Given entries
=== Begin Enclosure ===

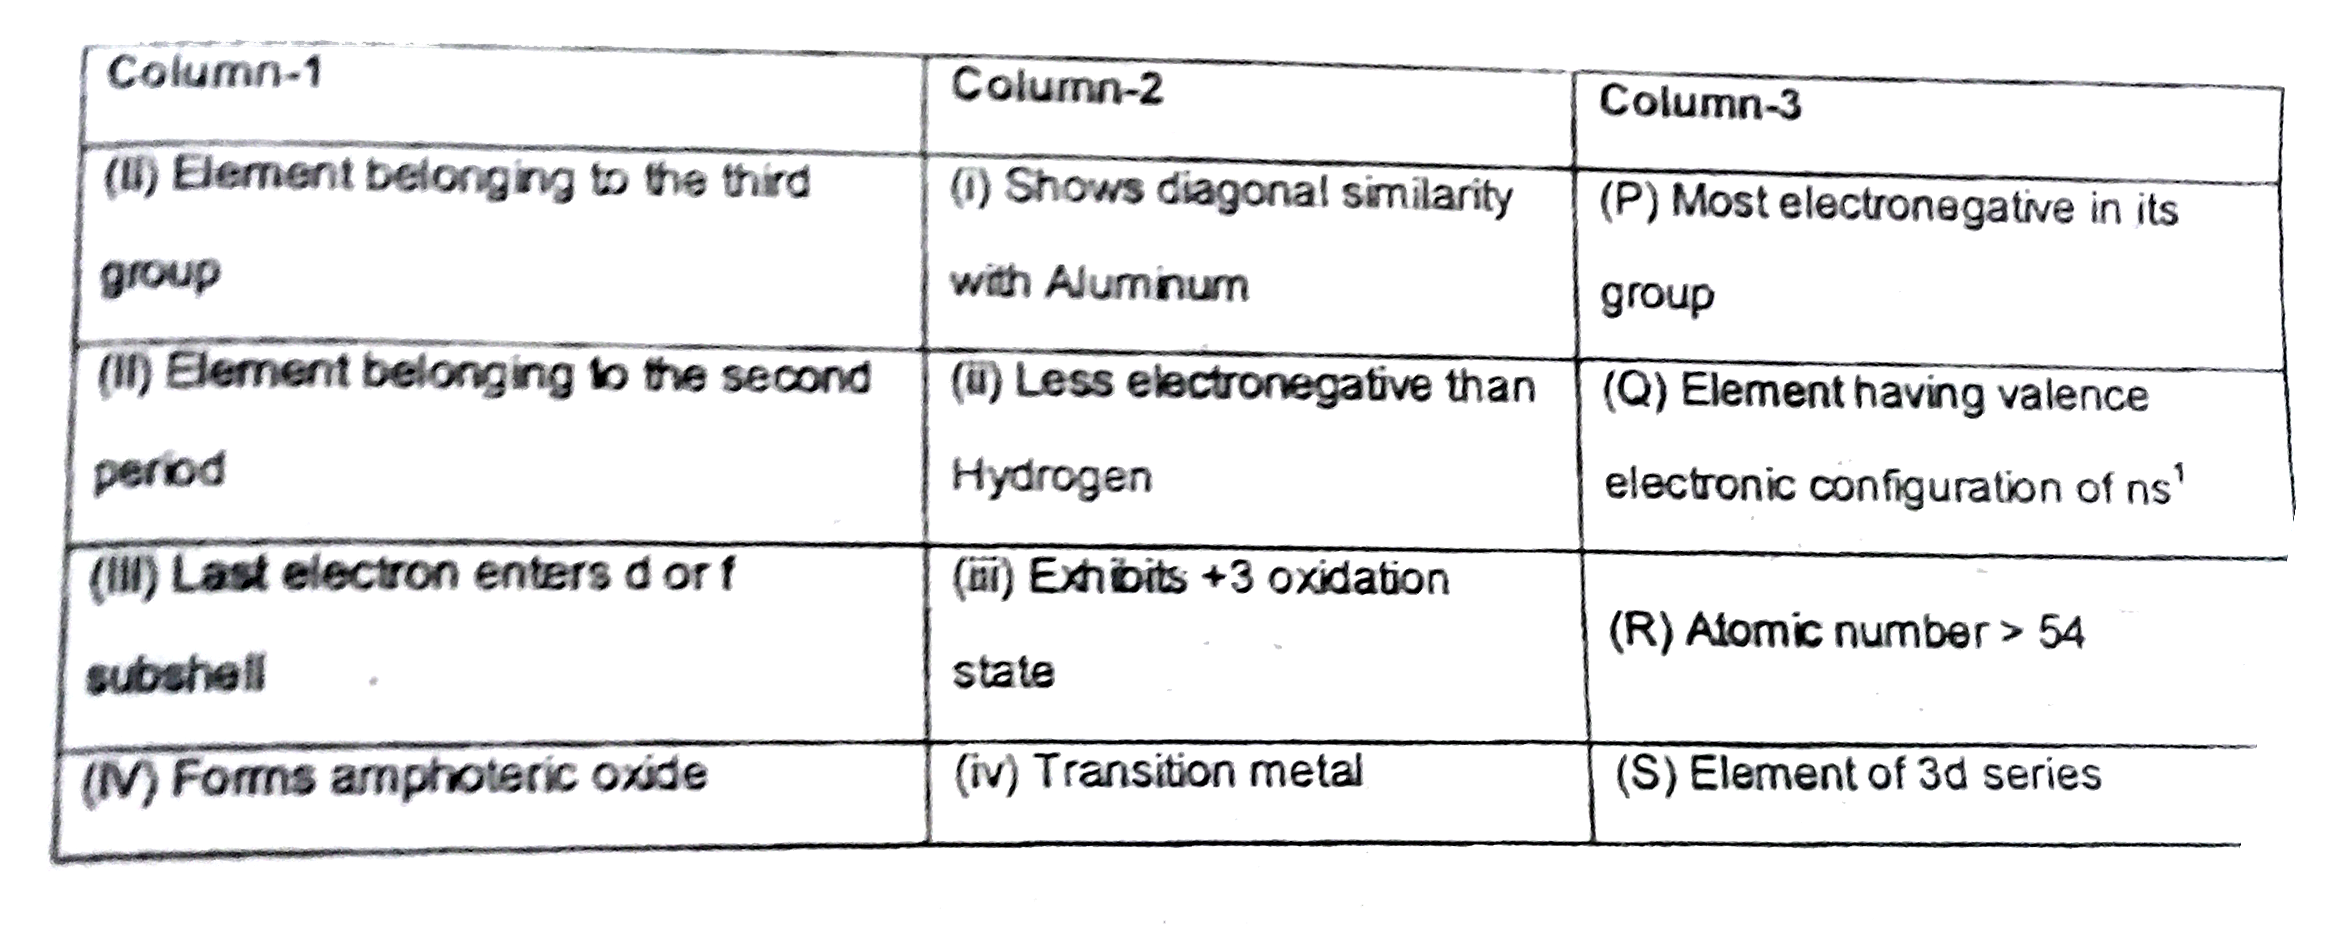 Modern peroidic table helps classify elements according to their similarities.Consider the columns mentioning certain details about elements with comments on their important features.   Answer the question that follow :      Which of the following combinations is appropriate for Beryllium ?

=== End Enclosure ===
=== Begin Enclosure ===

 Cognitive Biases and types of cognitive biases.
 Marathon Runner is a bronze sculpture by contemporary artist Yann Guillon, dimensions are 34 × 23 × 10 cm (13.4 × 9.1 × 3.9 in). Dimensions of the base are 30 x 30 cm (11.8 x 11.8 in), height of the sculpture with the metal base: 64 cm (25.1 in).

=== End Enclosure ===

Problem to work on
Your task is to restate, word for word, only those lines above that fall between the line holding "Cognitive Biases and" and the line holding "Marathon Runner is", inclusive.

Answer below
 Cognitive Biases and types of cognitive biases.
 Marathon Runner is a bronze sculpture by contemporary artist Yann Guillon, dimensions are 34 × 23 × 10 cm (13.4 × 9.1 × 3.9 in). Dimensions of the base are 30 x 30 cm (11.8 x 11.8 in), height of the sculpture with the metal base: 64 cm (25.1 in).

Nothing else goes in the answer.